STORED DATA —
=== Section Start ===
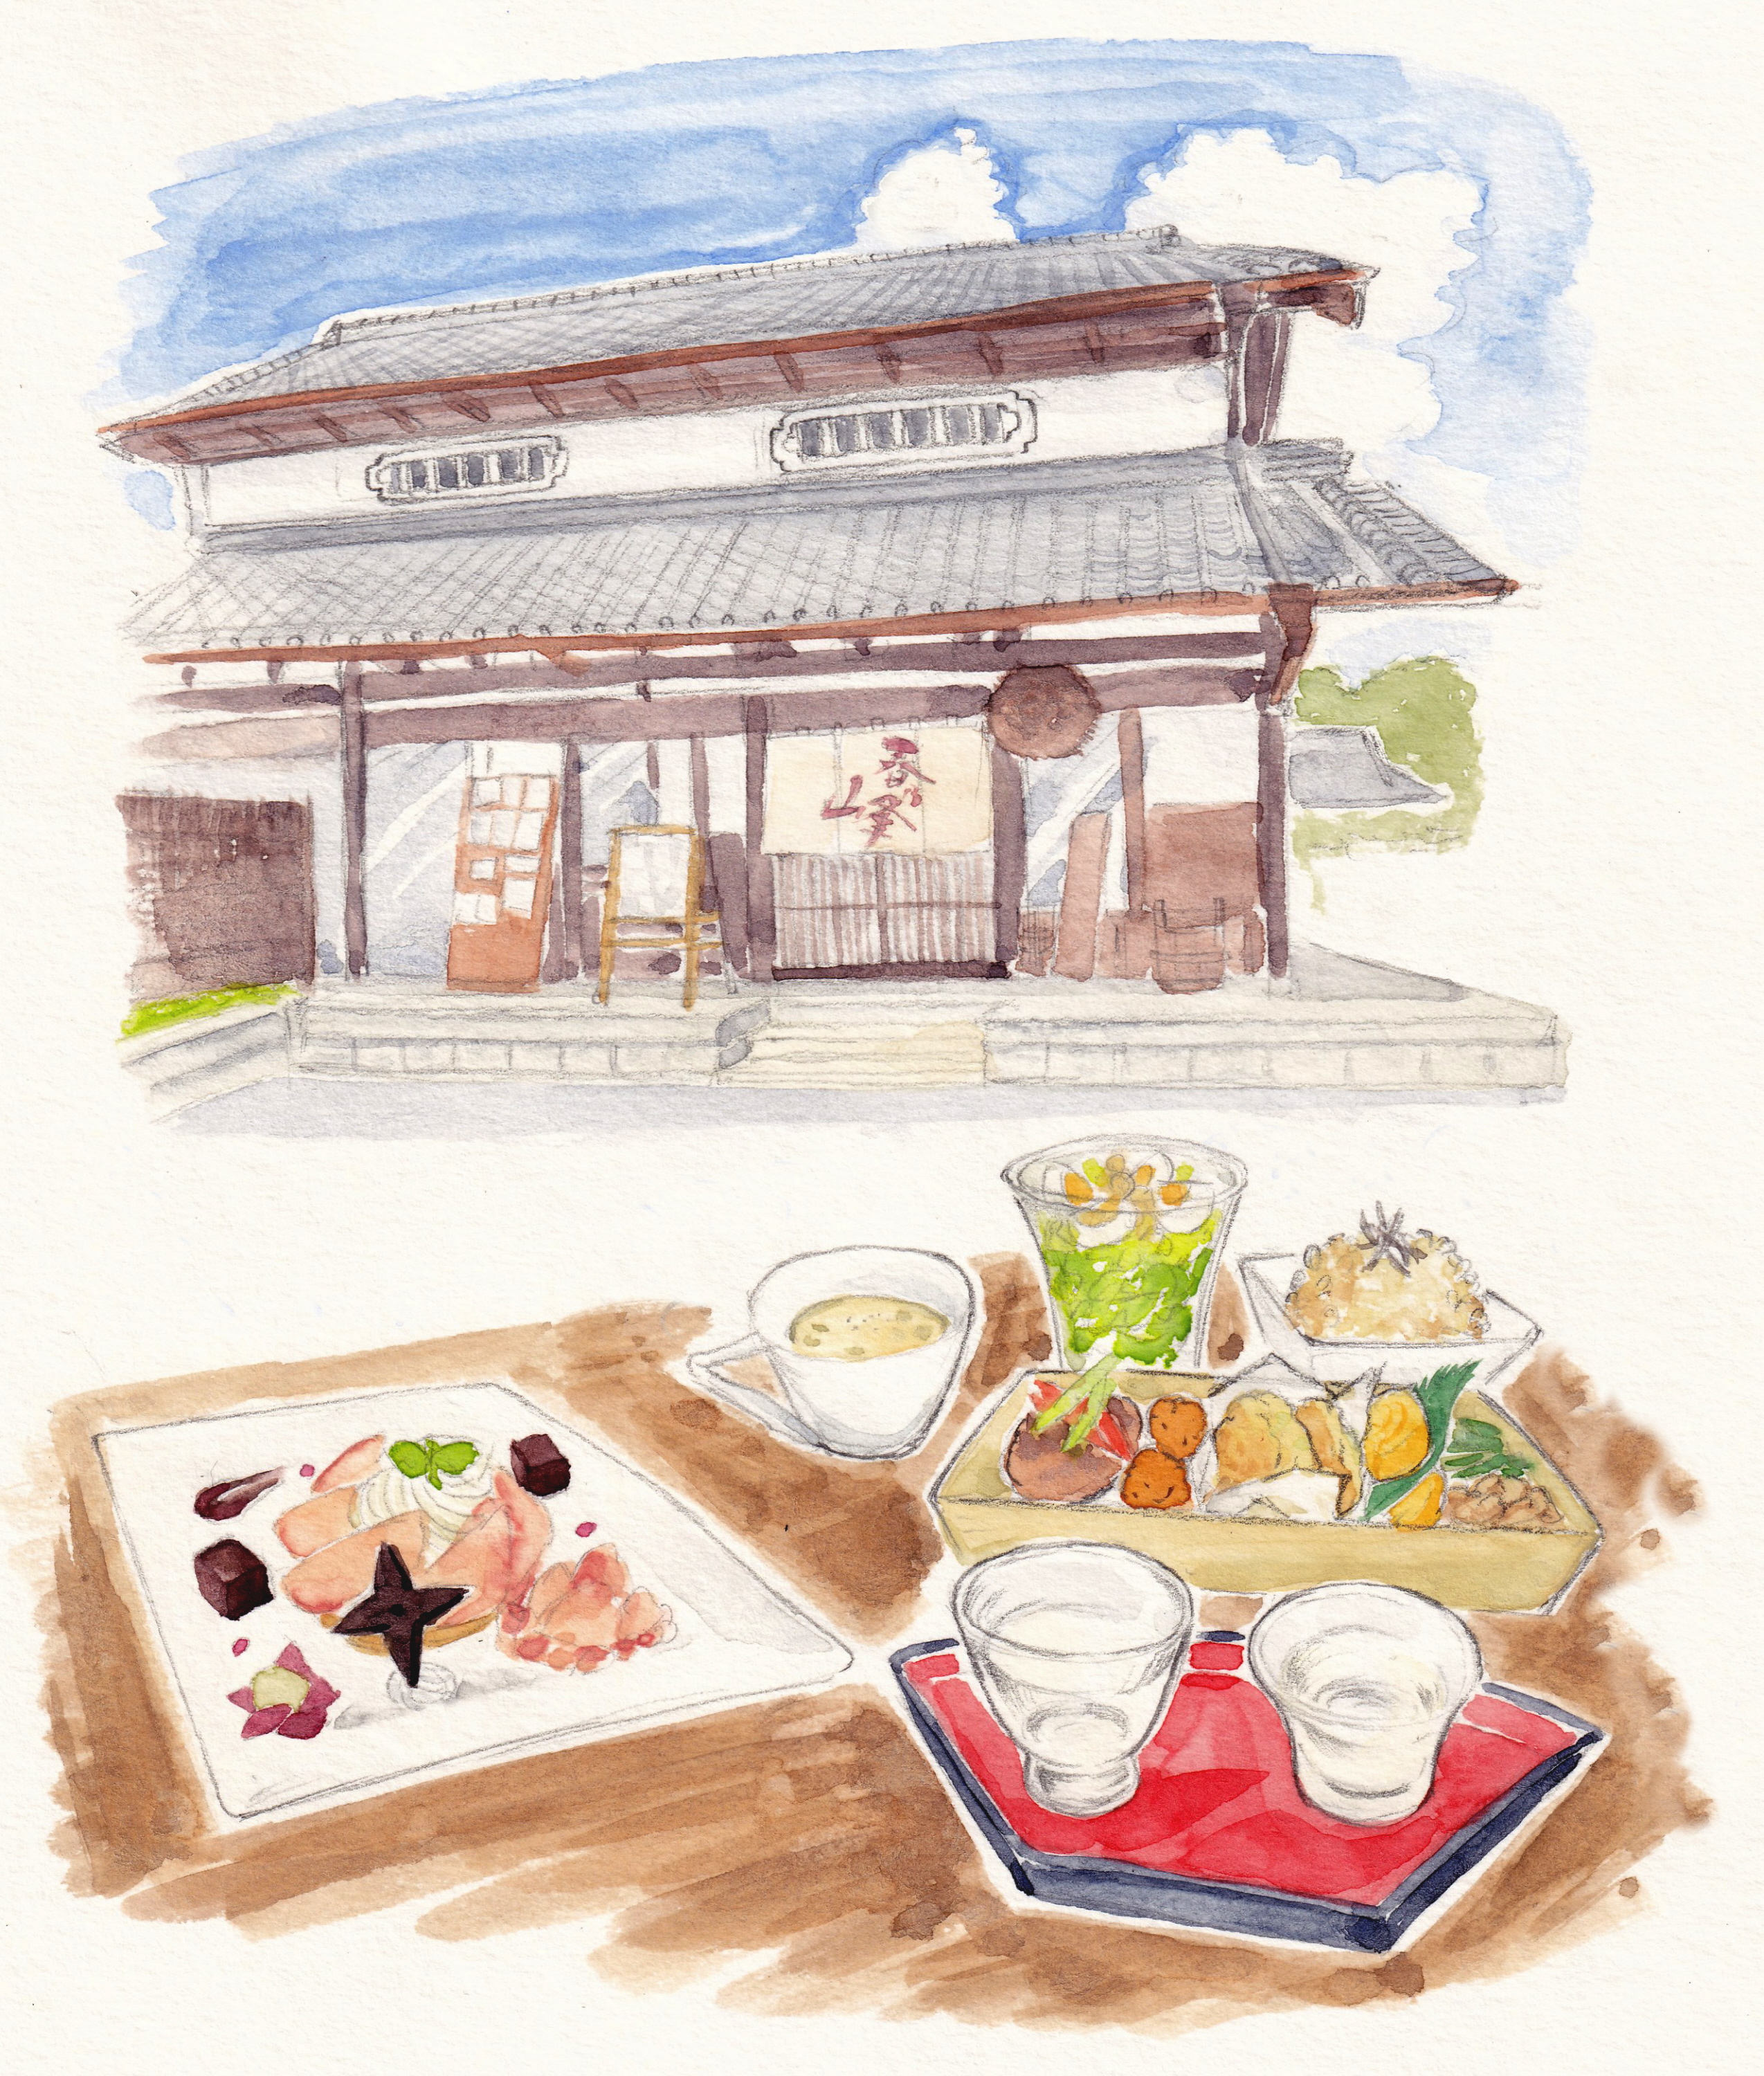 ほろよい余話】甲賀の酒蔵カフェで味わう残暑の癒やし - 産経
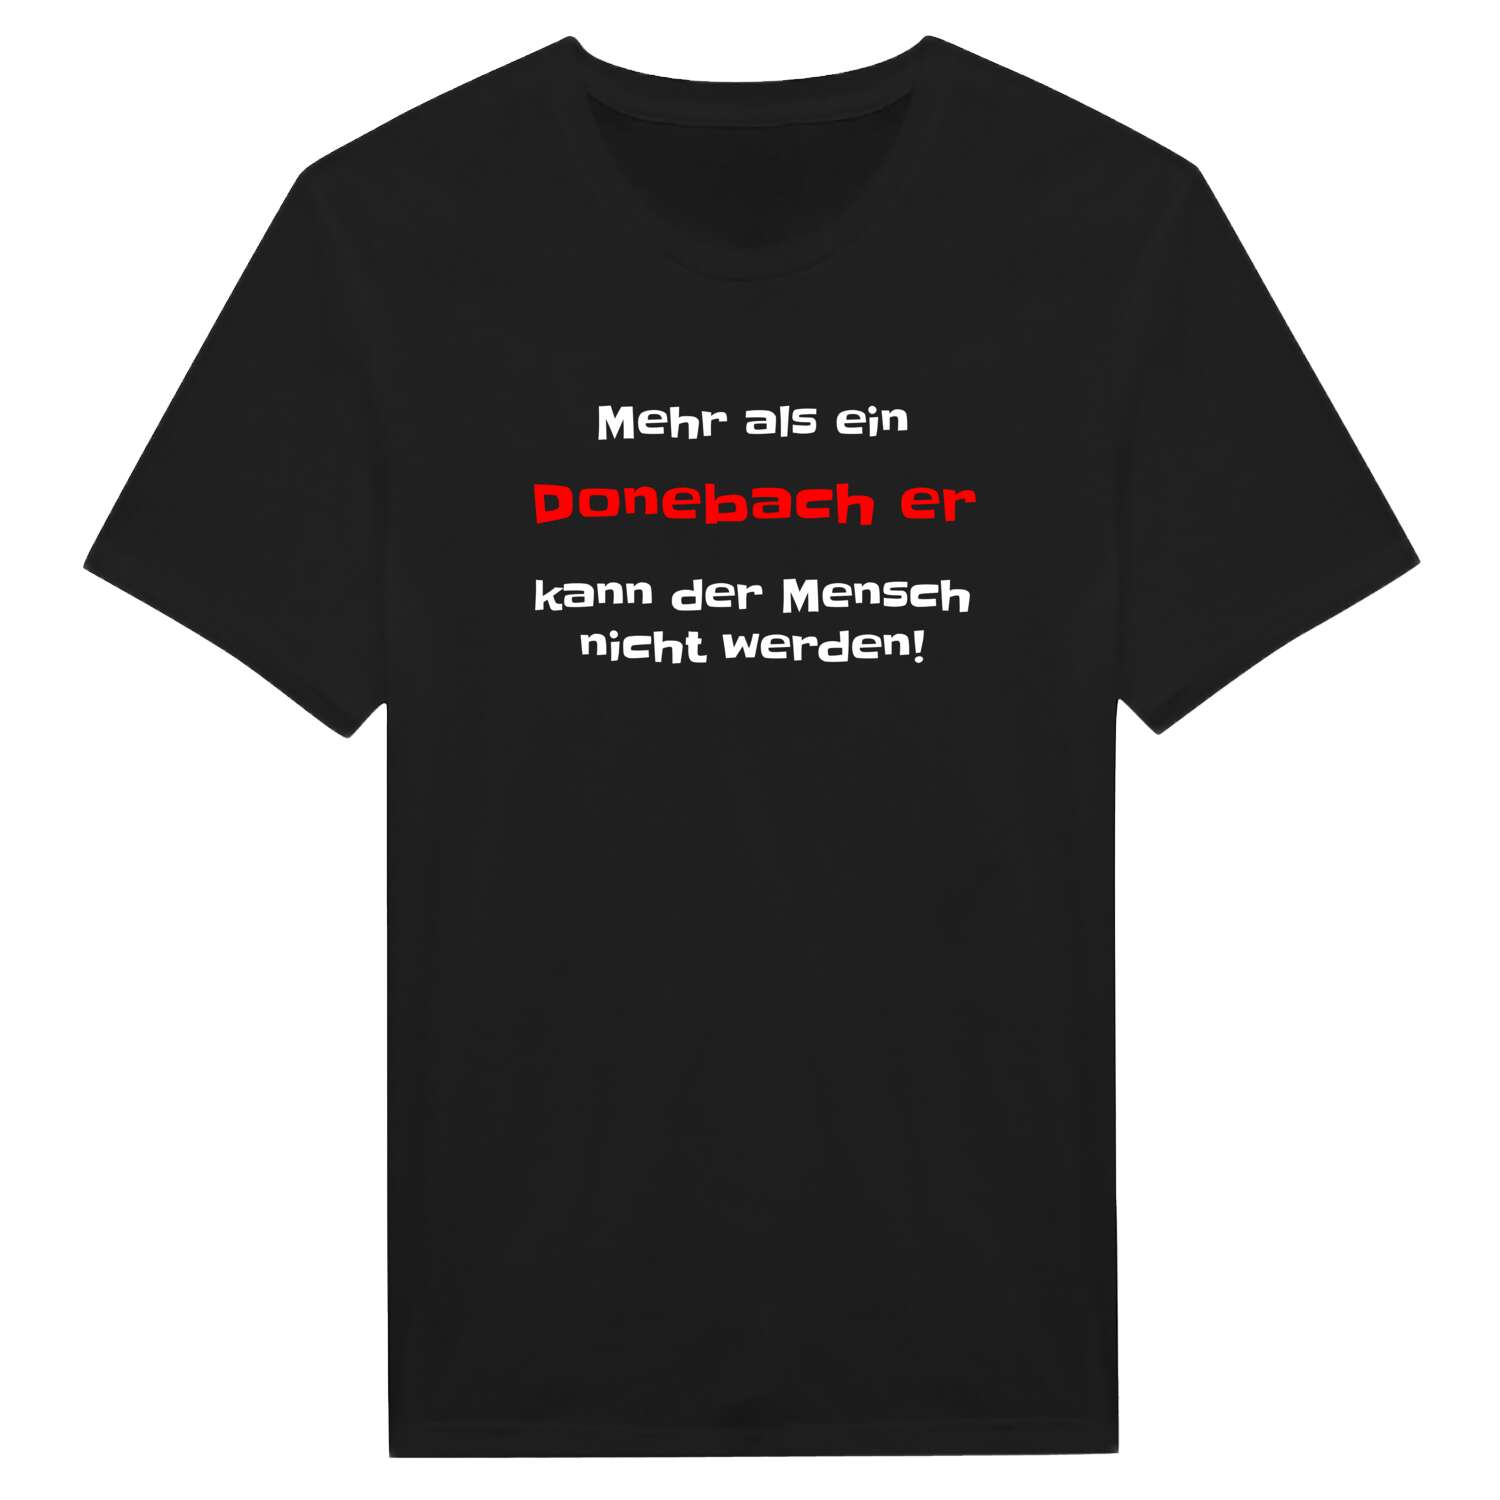 Donebach  T-Shirt »Mehr als ein«
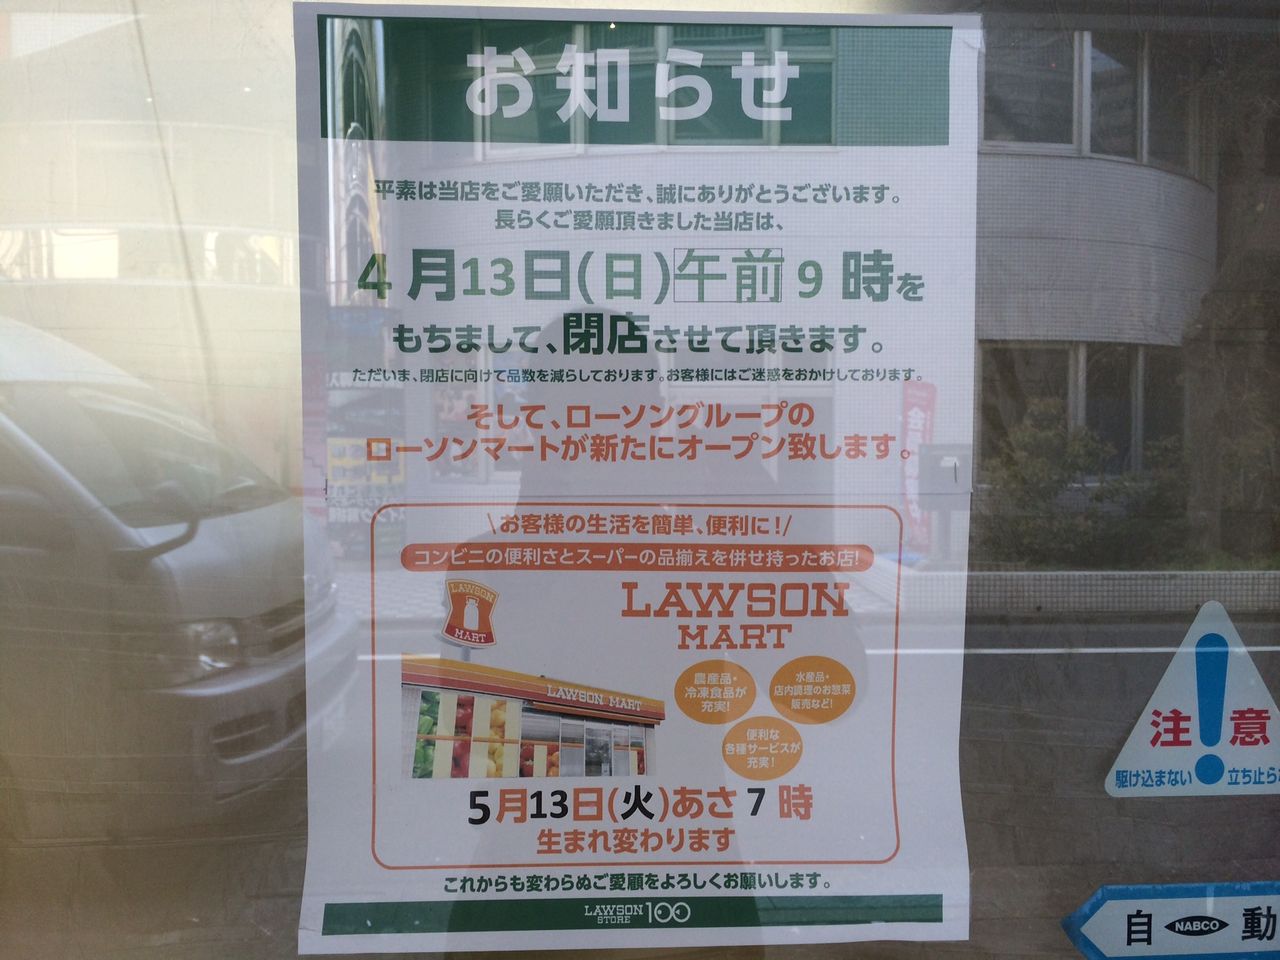 ローソンマート Lawson S New Type Of Business せいしんパンダ Panda In Seishin Cho
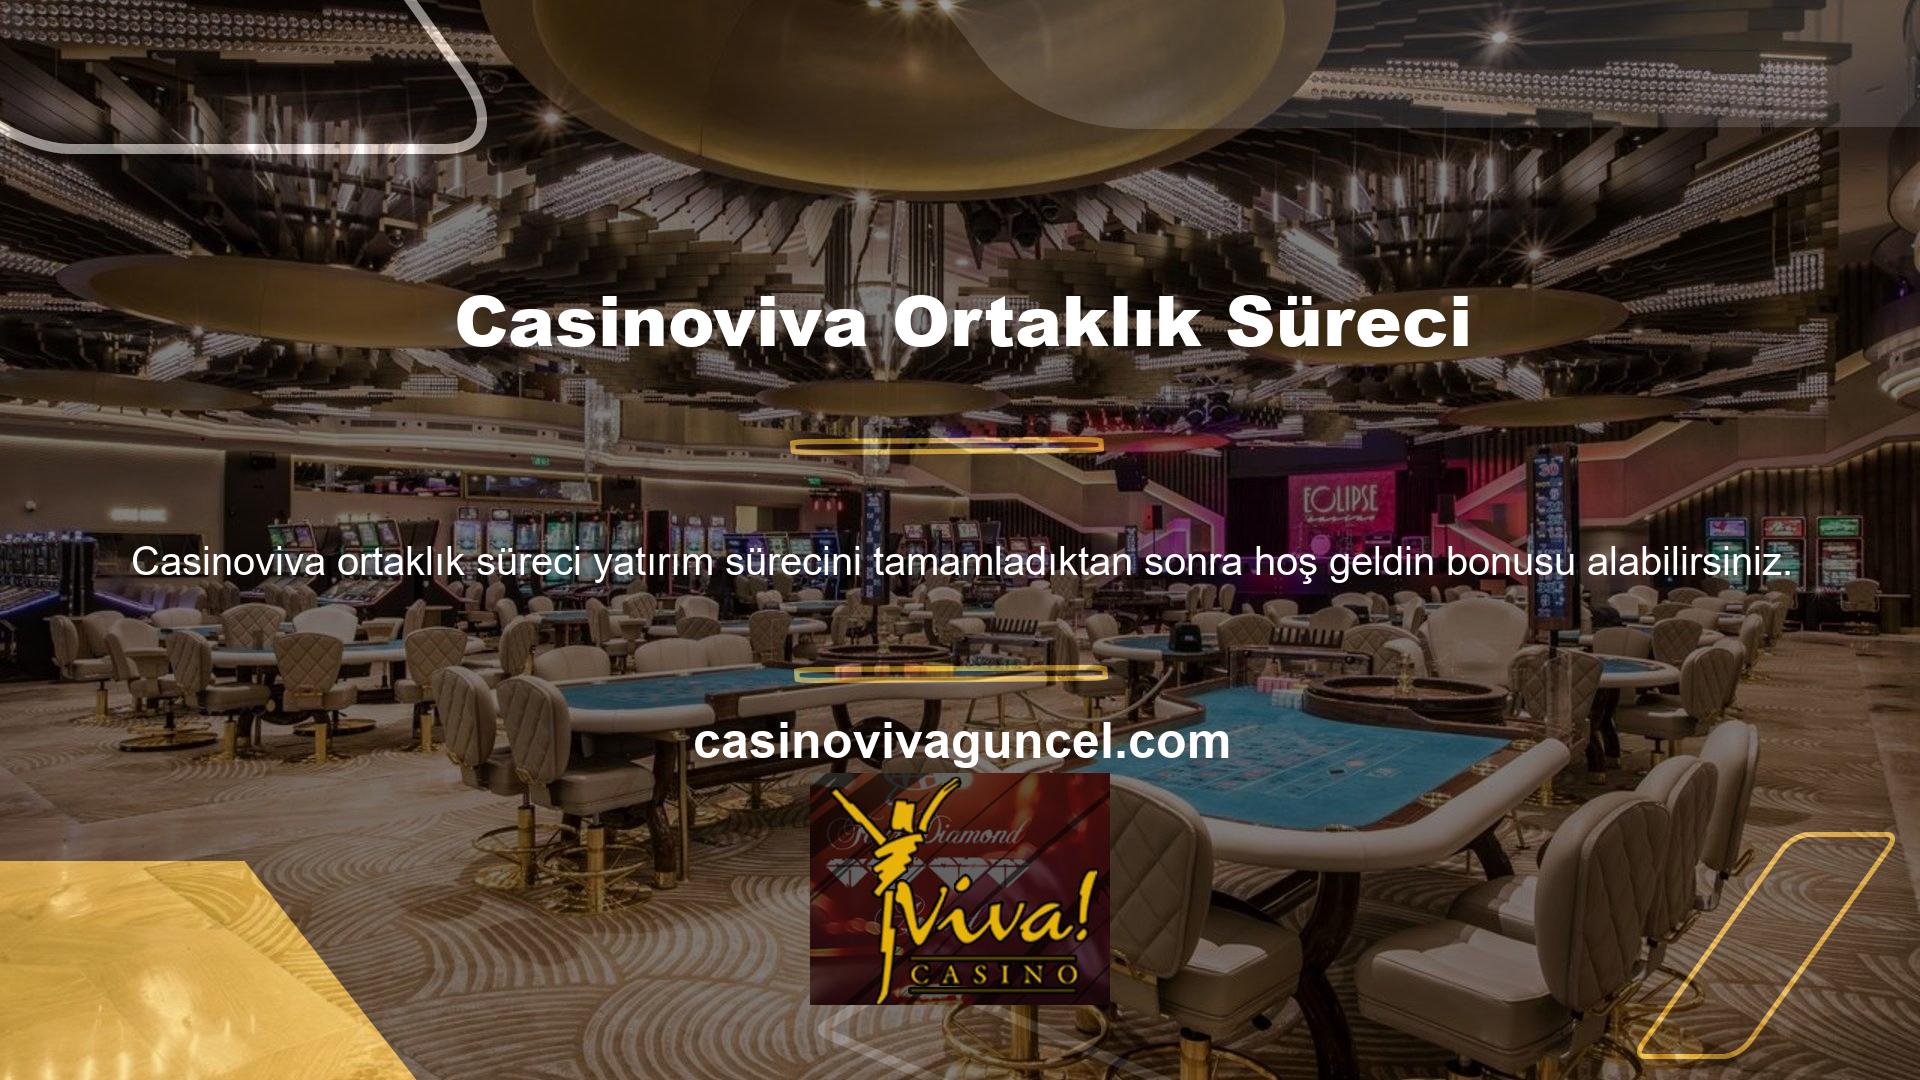 Yabancı online casino sitelerinin ülkemizde pazar payını kaybetmemeleri için önlem almaları gerekmektedir
=== Section End ===
WHAT THE TASK REQUIRES — Lines from the one that contains "ローソンマート Lawson S" through the last line of the data above are to be extracted exactly, with no pictures and no other lines.

SOLUTION FOR THIS TASK —
 ローソンマート Lawson S New Type Of Business せいしんパンダ Panda In Seishin Cho
 Yabancı online casino sitelerinin ülkemizde pazar payını kaybetmemeleri için önlem almaları gerekmektedir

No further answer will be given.